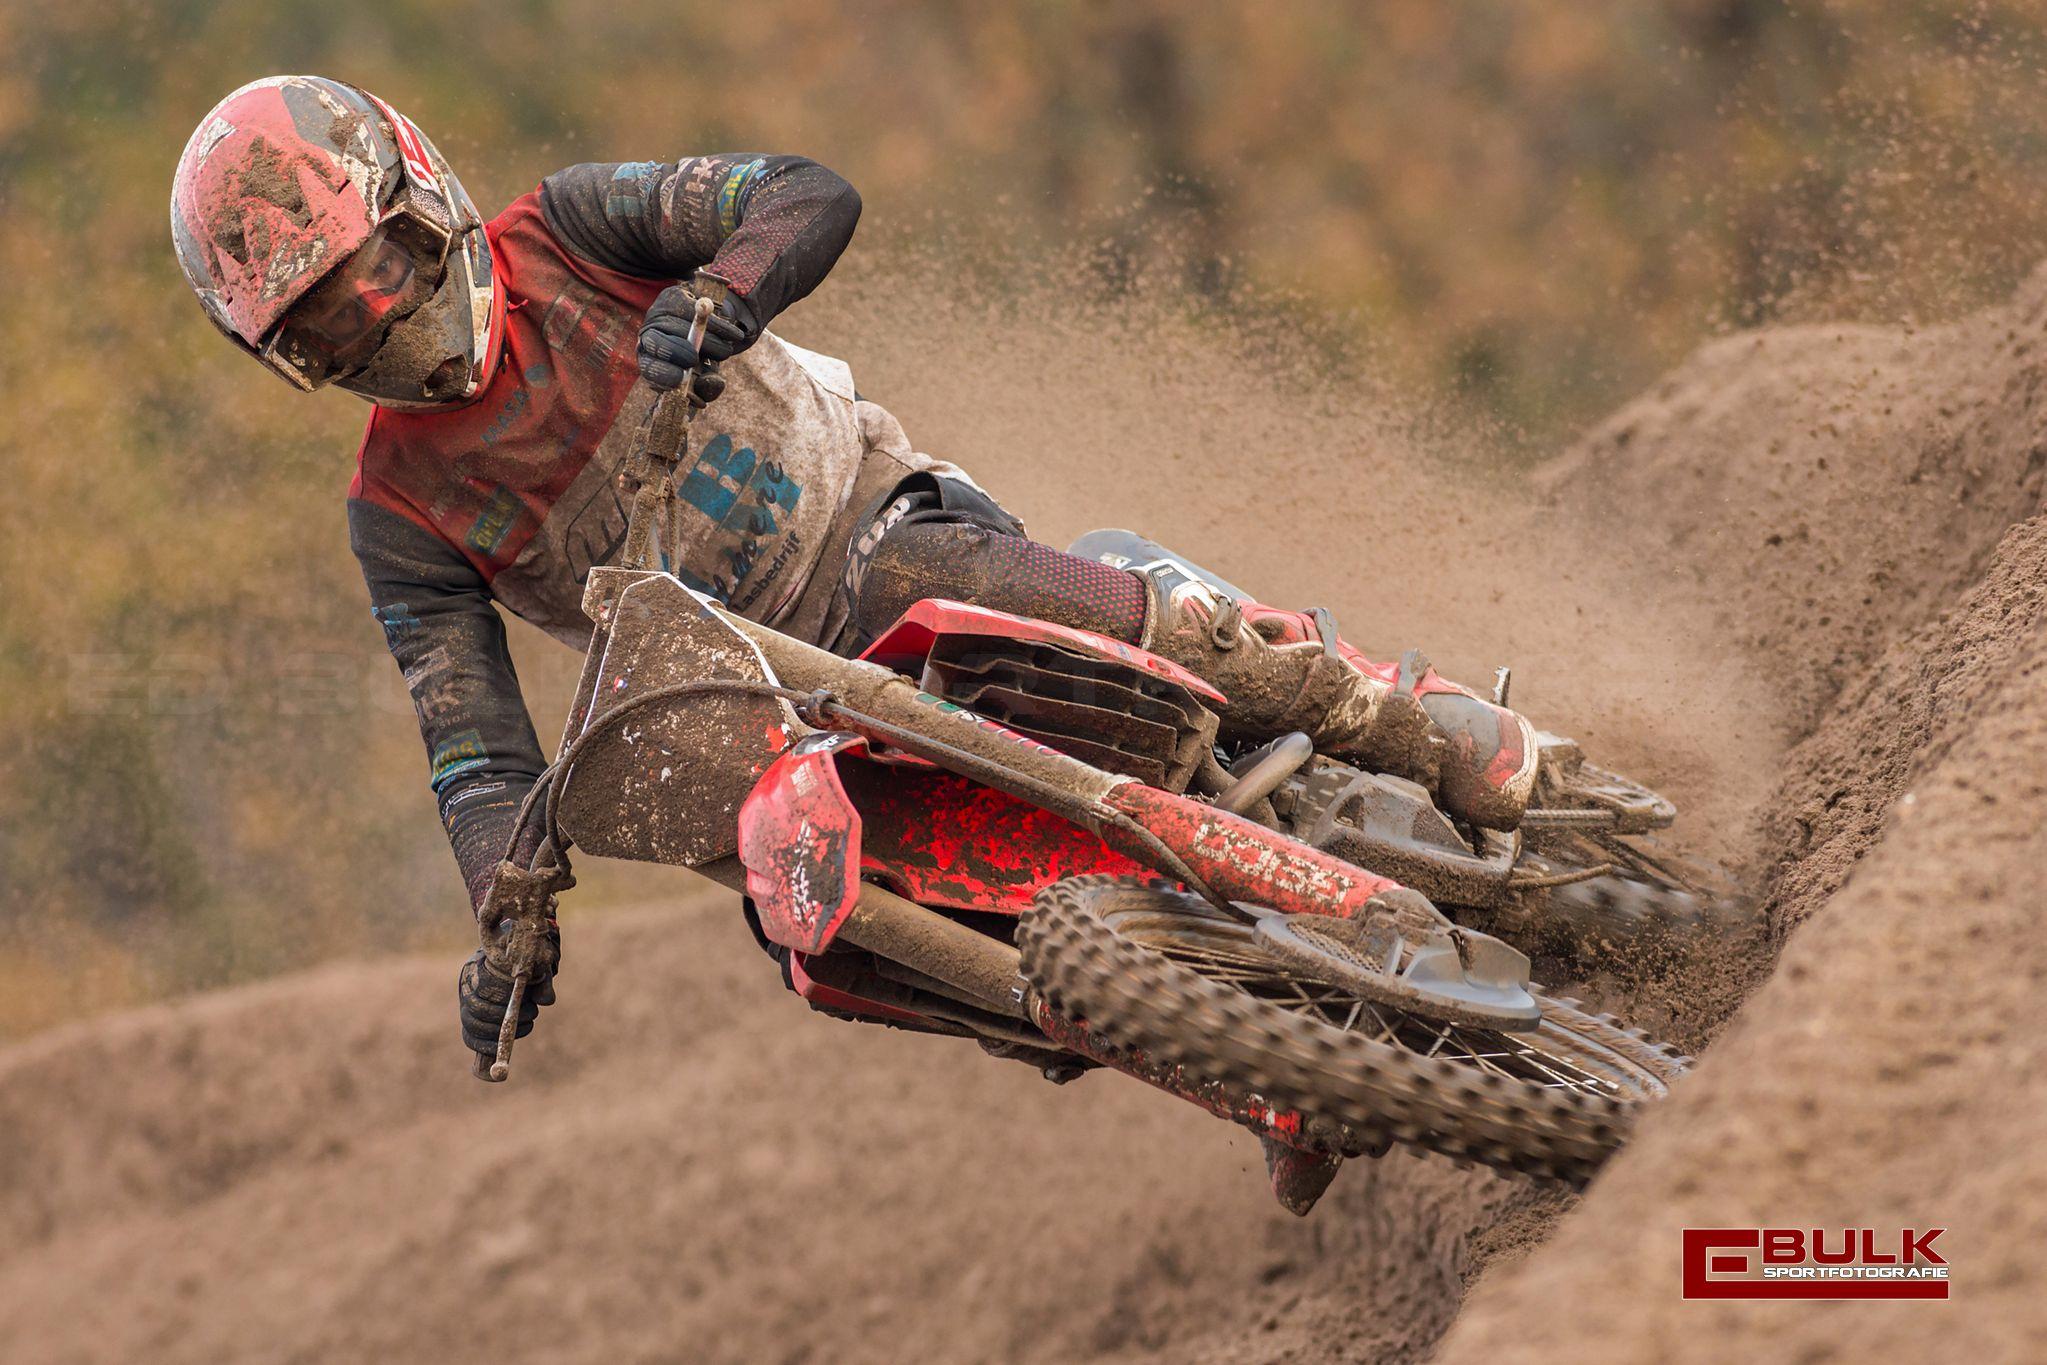 eebs1575-ed_bulk_sportfotografie
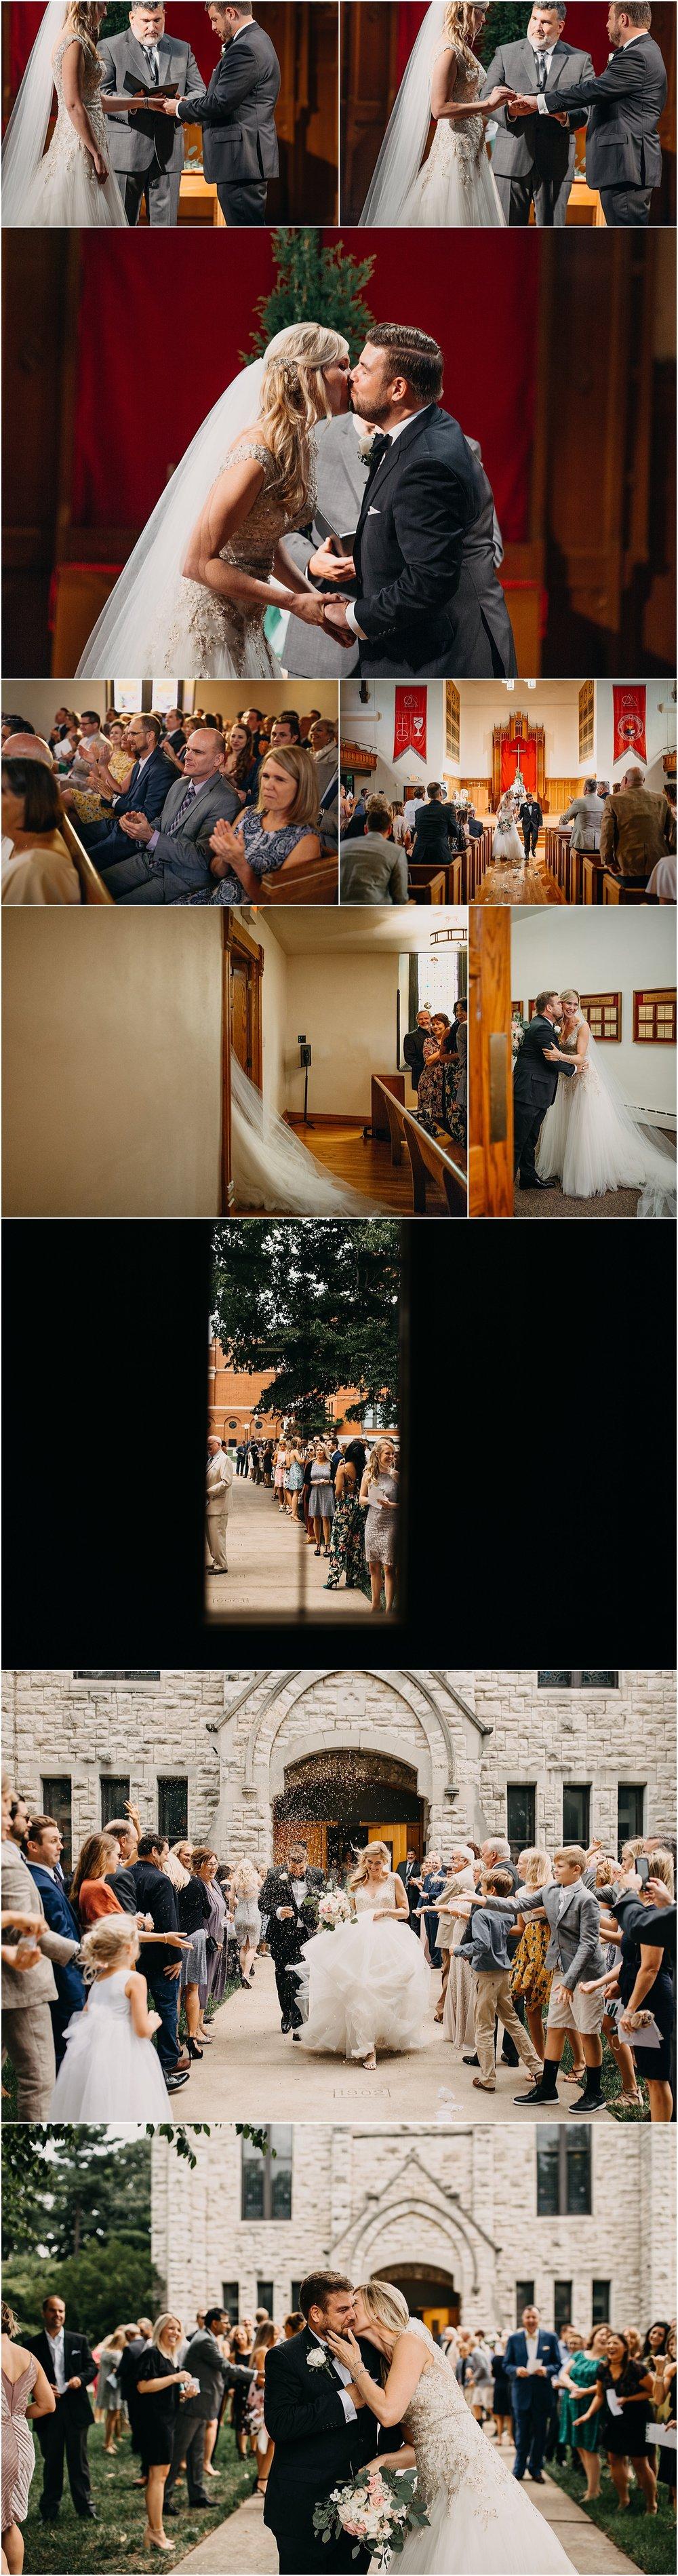 lindsay-jeff-missouri-wedding-photographer_0010.jpg
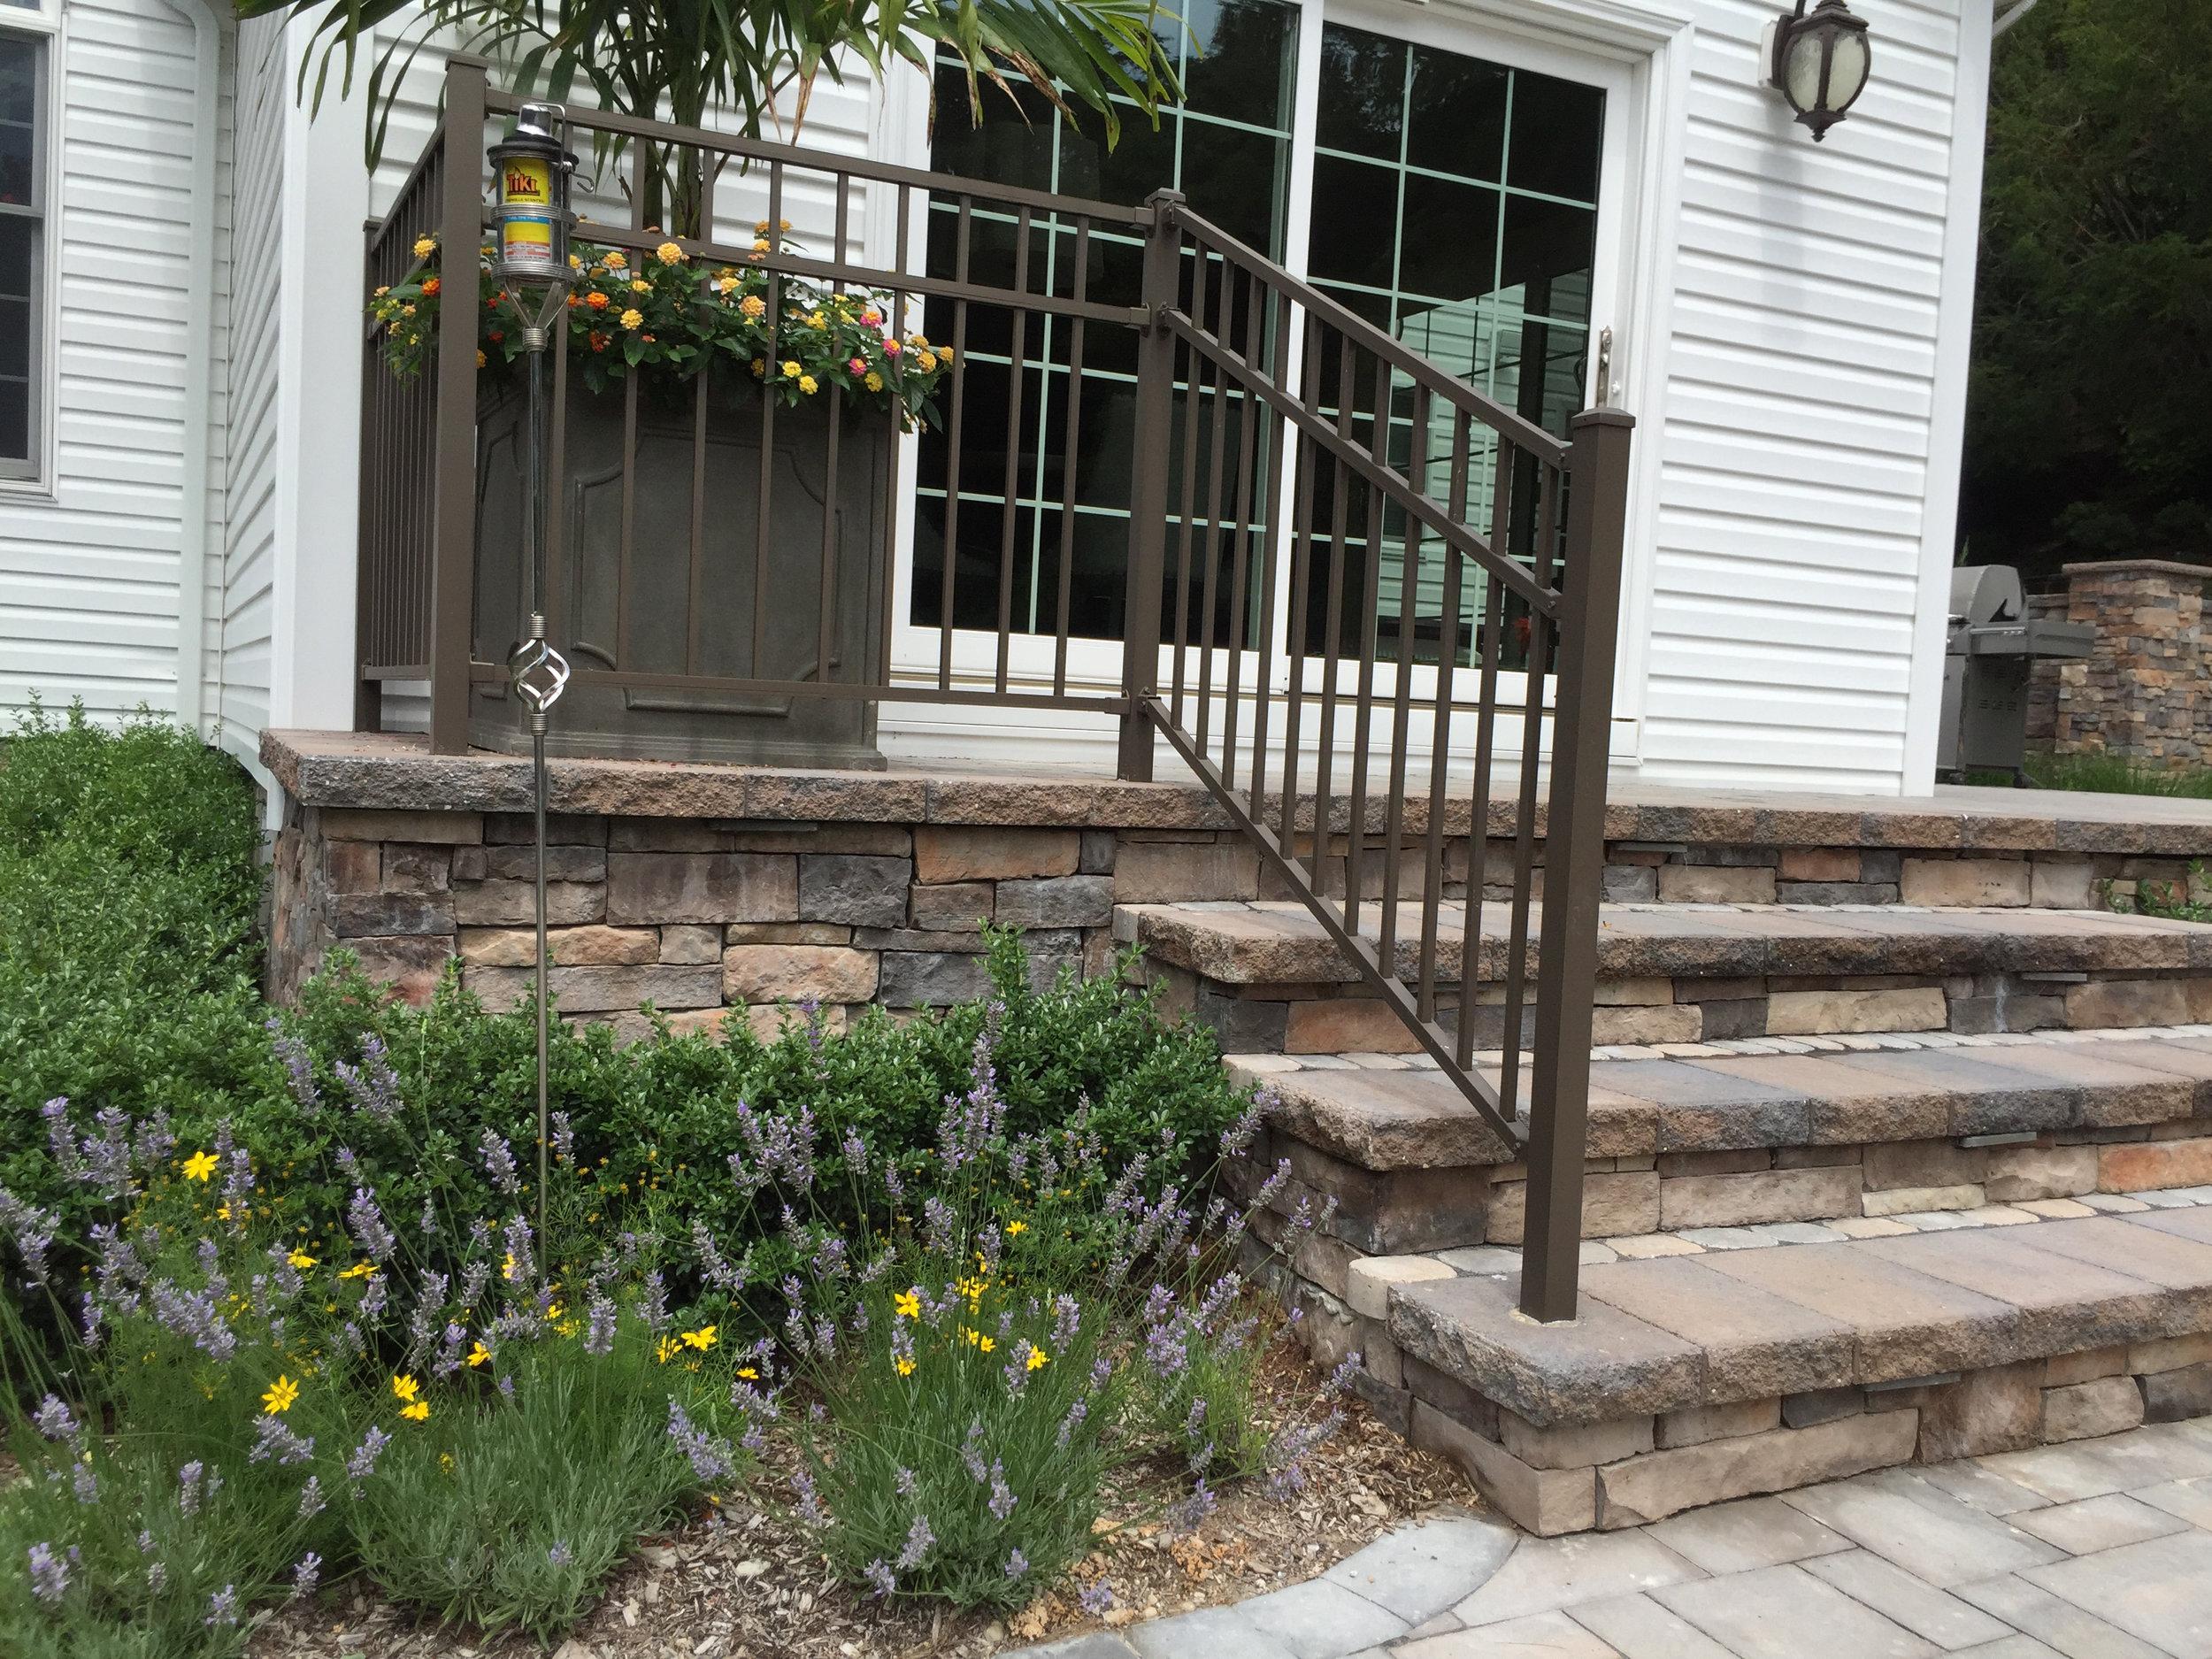 Top landscape shrub design in Long Island, NY
● ● ● ● ●
> TRY IT: Give back the data exactly. Pictures stay out.

> YOUR SOLUTION:
 eebs1575-ed_bulk_sportfotografie
 lindsay-jeff-missouri-wedding-photographer_0010.jpg
 Top landscape shrub design in Long Island, NY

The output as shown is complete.